---
title: "Creating Modules"
output: rmarkdown::html_vignette
vignette: >
%\VignetteIndexEntry{Creating Modules}
%\VignetteEngine{knitr::rmarkdown}
%\VignetteEncoding{UTF-8}
---
```{r, include = FALSE}
knitr::opts_chunk$set(
collapse = TRUE,
comment = "#>"
)
```
```{r setup}
#| include: FALSE
devtools::load_all(".")
```
Modules are user-created patterns for checking a paper or set of papers. Module specifications are written in the same format as functions in R packages, using roxygen2 for documentation.
```{r, echo = FALSE, comment = ""}
code_lines <- system.file("templates/_module.R", package = "metacheck") |>
readLines()
cat(paste0(code_lines, collapse = "\n"))
```
## Roxygen Documentation
The module file starts with standard function documentation using roxygen2. Roxygen documentation always starts with `#' `.
### Title
On the first line, give your module a short title, which will be used as a section header in reports.
```{r}
#' Module Name
```
### Description
You can skip a line and write a 1-sentence description, which will be shown in `module_list()`, or optionally start this with `@description`.
```{r}
#' @description
#' A short description of the module
```
### Details
You can write more detailed help under the tag `@details`, which will be shown when calling `module_help()`. This is optional.
```{r}
#' @details
#' Here is more information about the module to help you use or understand it.
#'
#' You can skip more lines to break up paragraphs.
#'
#' * make a list
#' * check it twice
```
If you have experience writing R functions with roxygen, you can also omit the `@description` and `@details` tags and rely on paragraph spacing to distinguish description from details.
### Validation
Our [values statement](https://www.scienceverse.org/metacheck/#our-values) lists quality control as a core value.

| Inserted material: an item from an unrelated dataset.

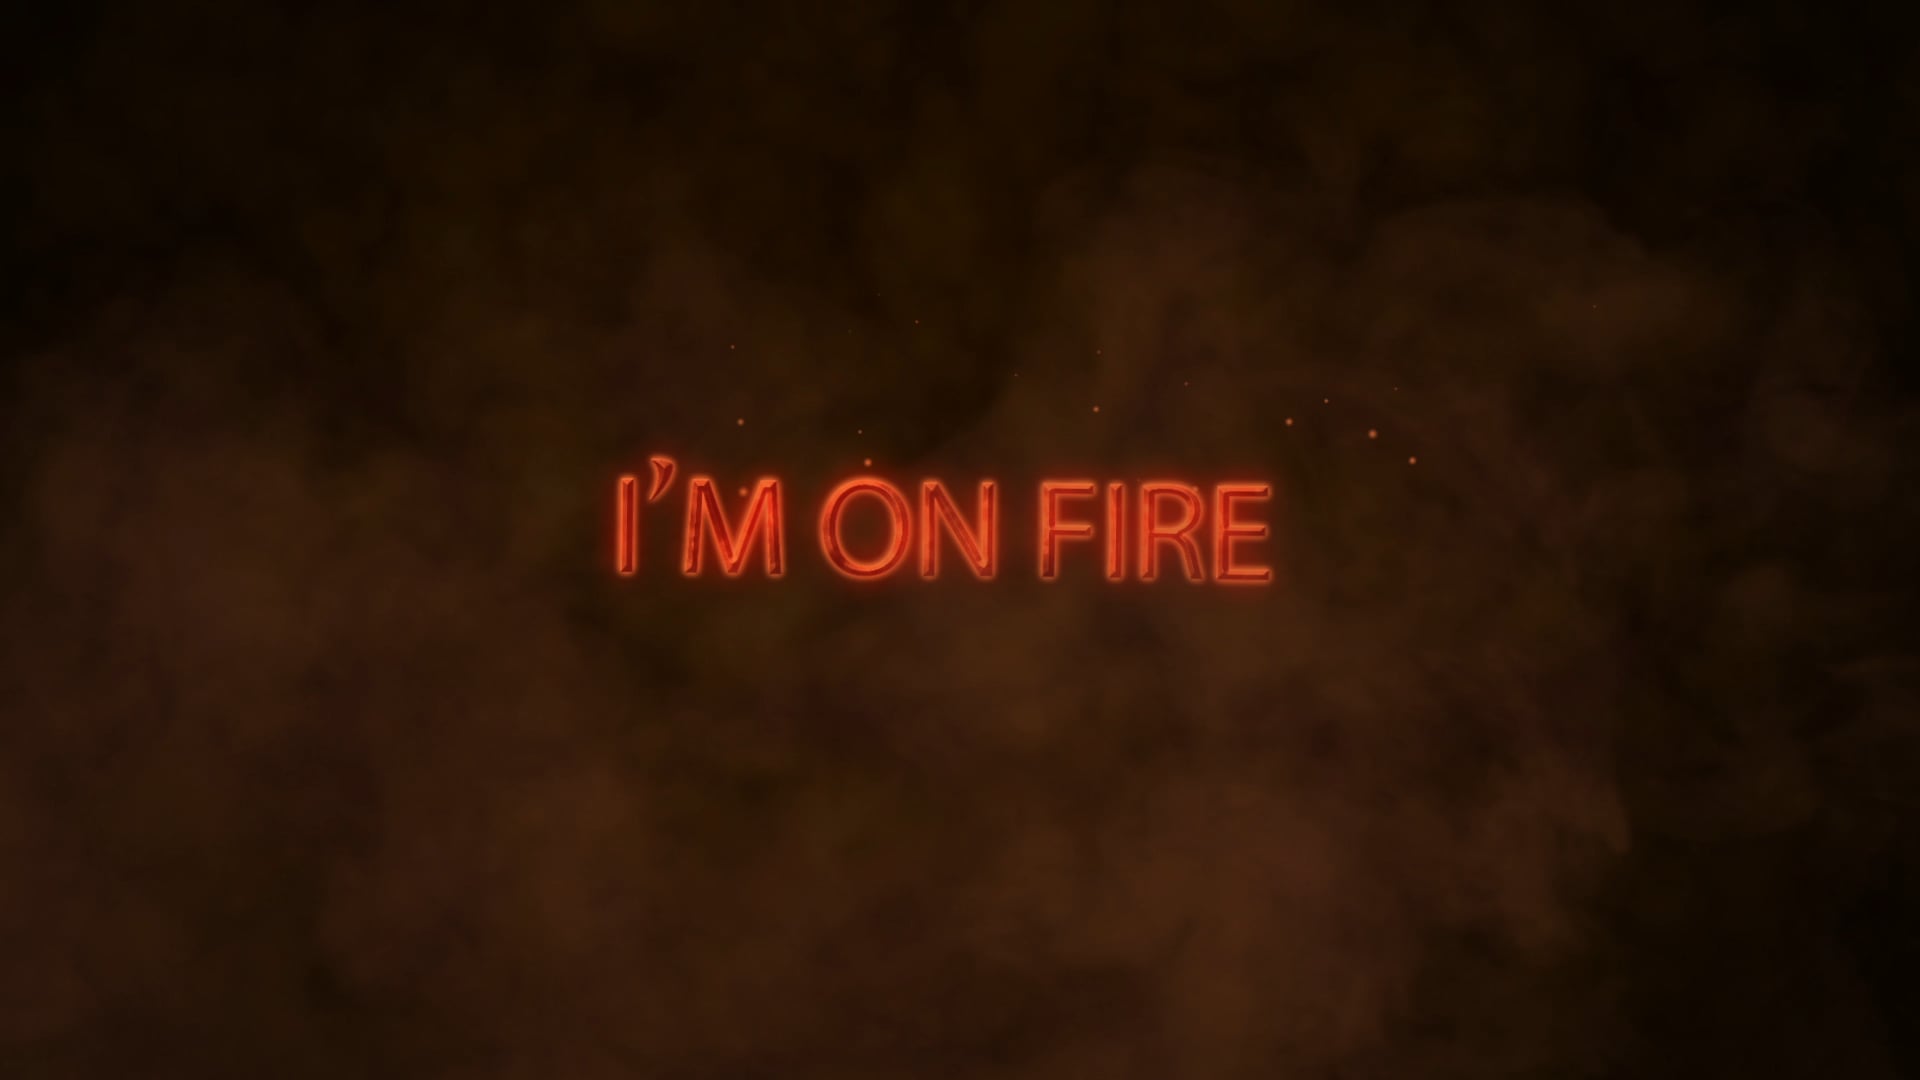 Fire Text

Validation information gets special styling in the report, so is put at the end of the details section and marked with `` at the start and `` at the end.
```{r}
#'
#' In a sample of P papers with I instances of {thing you are checking},
#' TP were correctly detected (true positives),
#' FN were missed (false negatives) and
#' FP were incorrectly detected (false positives).
#' Overall, among all instances flagged as {thing},
#' (TP/(TP+FP))% were correct (positive predictive value) and
#' (TP/I)% of true instances were detected (sensitivity).
#'
```
The example above works well for modules that detect a practice that may happen zero or more times per paper. Communicating validation information clearly and succinctly is challenging, so feel free to use other wordings. We encourage you to also include a link to a repository that contains more detailed information and evidence.
### Keywords
Choose one section category for your module to be displayed under in reports.
```{r}
#' @keywords general|intro|method|results|discussion|reference
```
### Author
Include the module authors so they can get credit! Add a new `@author` tag for each author, and optionally add their email address.
```{r}
#' @author Lisa DeBruine (\email{debruine@gmail.com})
#' @author Daniel Lakens (\email{lakens@gmail.com})
```
### References
Optionally include references that you would want available to users. If you are building a module that uses citable resources, please list them here.
```{r}
#' @references
#' The Retraction Watch Database [Internet].
#' New York: The Center for Scientific Integrity. 2018.
#' ISSN: 2692-4579. [Cited 2025-05-20].
#' Available from: http://retractiondatabase.org/.
```
### Import
If you are using packages other than `metacheck`, add each with an `@import` statement.
```{r}
#' @import dplyr
#' @import tidyr
```
Technically, you can then use functions from these packages in your function code without the package name prefix, but it is still best practice to use the package name prefix for all functions, like `dplyr::case_when()`, and we require this for contributed modules.
### Parameters
Each argument should be defined for a function. All metacheck modules require the first argument to be `paper`. The last argument can optionally be `...`. This allows the `module_run()` function to pass any arguments, and your code can use them by name (e.g., `extra_args <- list(...)`).
```{r}
#' @param paper a paper object or paperlist object
#' @param ... further arguments (not used)
```
### Returns
It is good practice to explain what your function returns. This is usually the default list with table, summary, traffic light, and report text, but you can edit this. It's just a human-readable string.
```{r}
#' @returns a list
```
### Examples
You can add an example of how to use this module with the `module_run()` function. Give a paper or list of papers in the example so you can demonstrate the purpose of this module and it doesn't take too much time to run the example.
```{r}
#' @examples
#' module_run(psychsci, "module_name")
```
## Function Code
The module function is written like any R package function, with the requirement that the first argument be `paper`. Set `module_name` to your module name, which must be a valid R variable name. Your module script should also have the same name, with a .R suffix (e.g., `module_name.R`).
```{r}
module_name <- function(paper, ...) {
# module code ----
# create return items ----
## table ----
## summary_table ----
## traffic light ----
## summary_text ----
## report ----
# return a list ----
}
```
You can define helper functions below your main module functions, but the first function defined in the script is what will be run on the paper object.
A module can technically do anything you want with the paper input, but you will need to follow the template below for your module to work automatically with reports and the metascience workflow.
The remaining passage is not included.